Unfortunately, in a multi-image environment many other updates to the PDS are probably taking place, and those new "updates" may be suspect once the file is "fixed". In addition, the solution involves someone doing something after the problem occurs. What if the problem occurred at 2:00 A.M.? Do operators or application programmers know how to fix it? In automated operations environment, problems should be prevented, not solved after they occur.

In the second case above, a user updates a PDS and forgets to include a member name on the PDS as the object of the update.

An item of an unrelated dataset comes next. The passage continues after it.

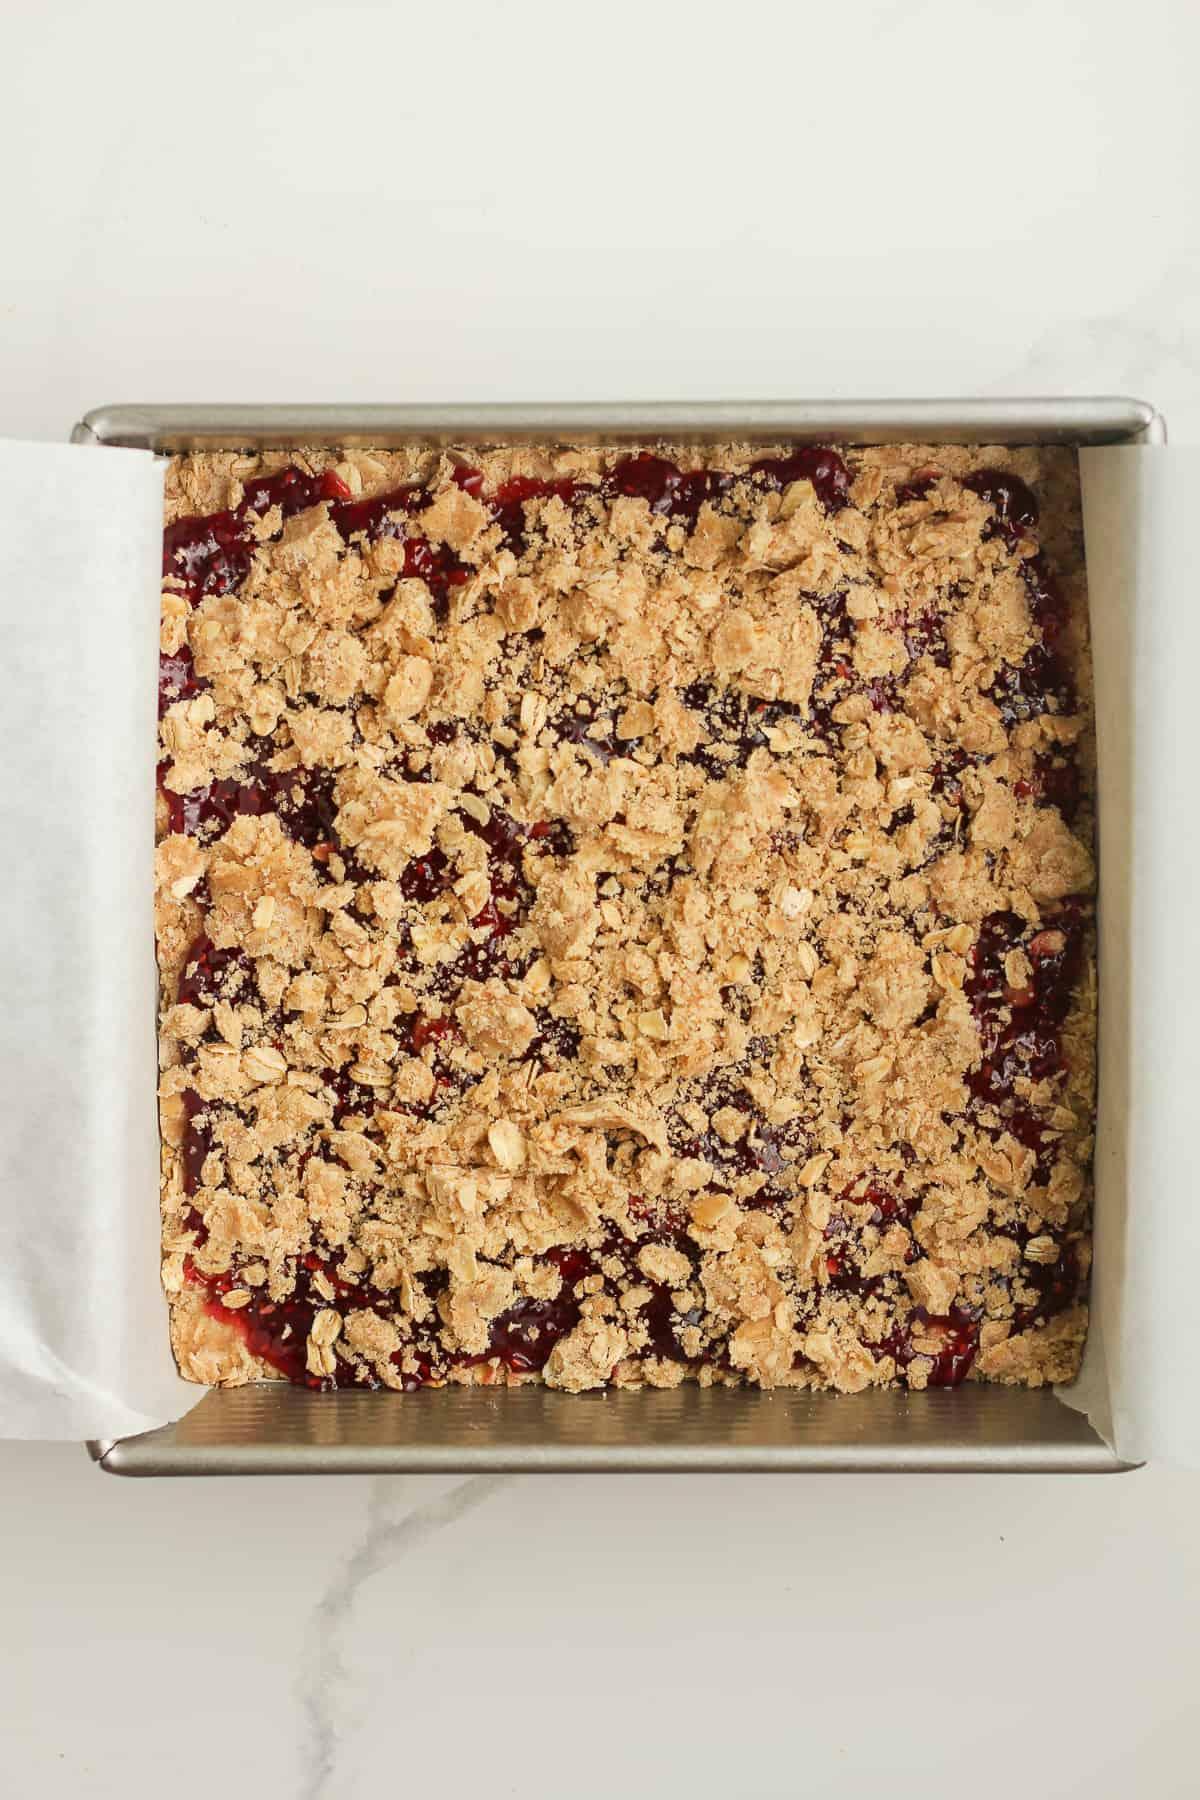 An 8x8 pan of raspberry jam bars before baking.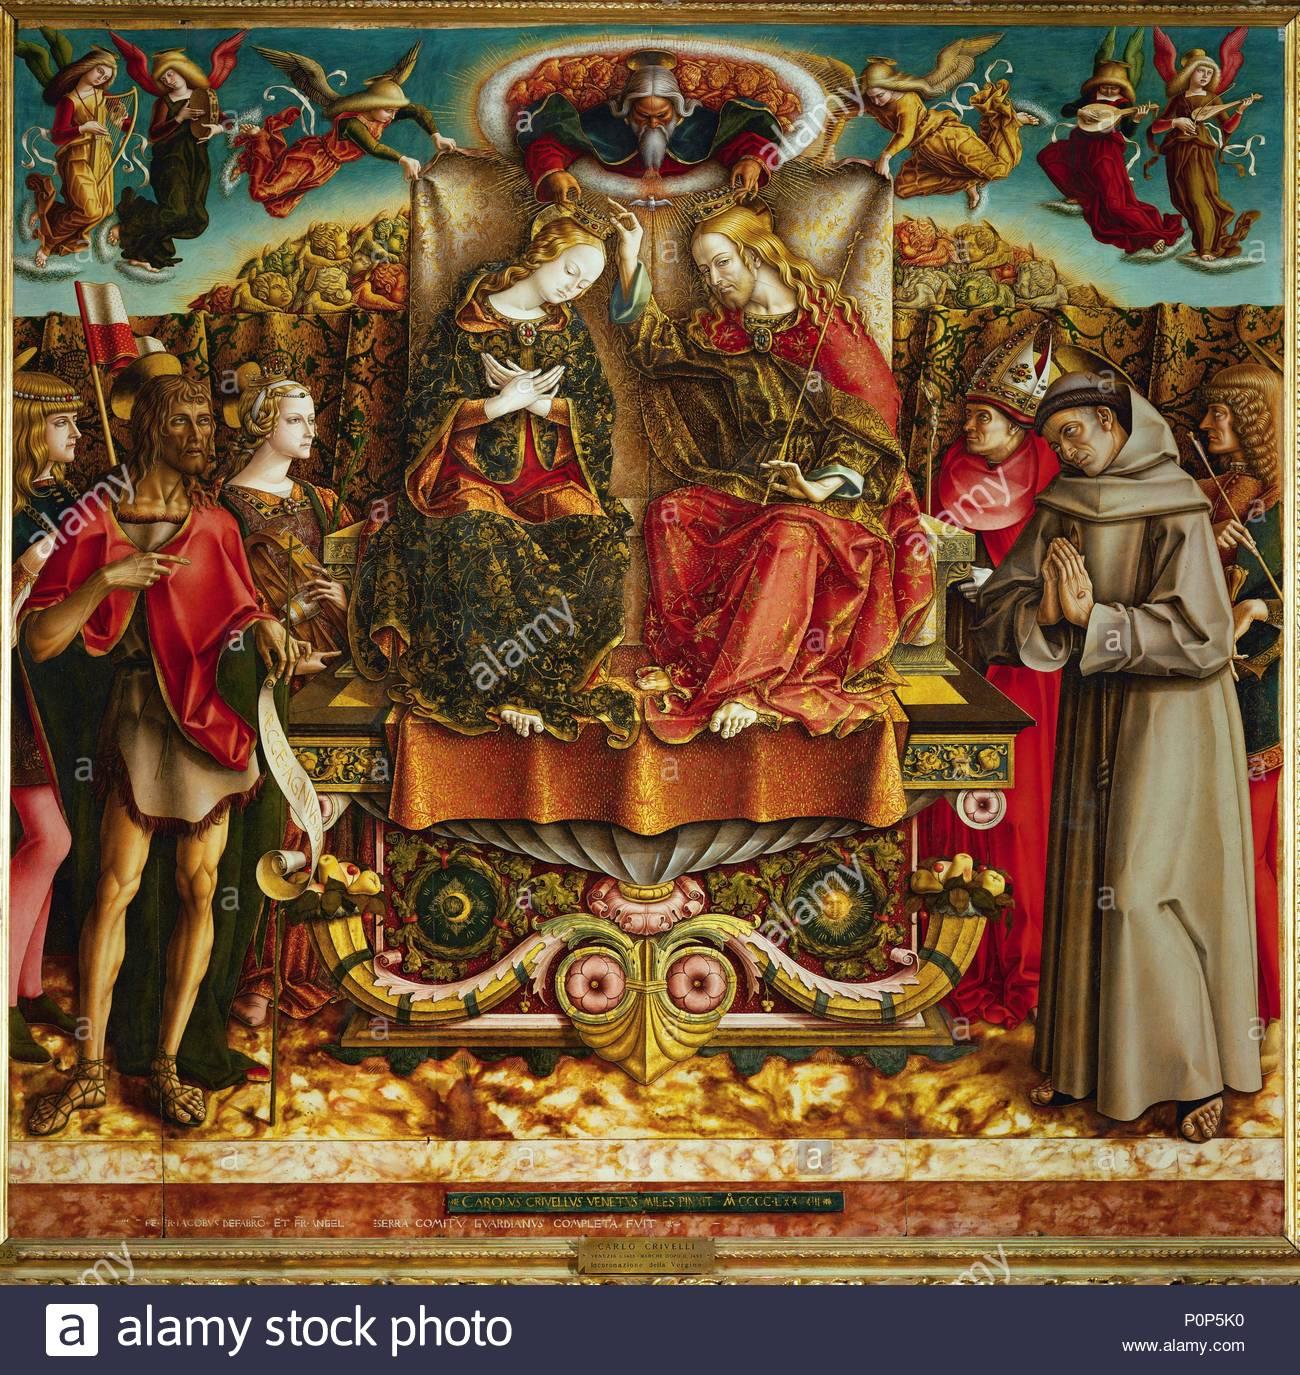 125 128 Stock Photos Images Alamy Brera I Love Birdy Graphic Designed Hand Bag Black Coronation Of The Virgin With Saints John Baptist Mary Magdalen Left

For example:

//* 'MONTHLY.PAYROLL.DATA' is a sequential file

In this example, the program PAYME01 expects that the data set associated with DDNAME PAYLOG is a sequential file, and will open it with DSORG=PS in its DCB. Therefore, the directory for 'PAYROLL.DATA' will be destroyed. The only solution is to restore the PDS from a previous back-up copy. Careful programming can prevent errors that could cost your IS organization significant amounts of time and money.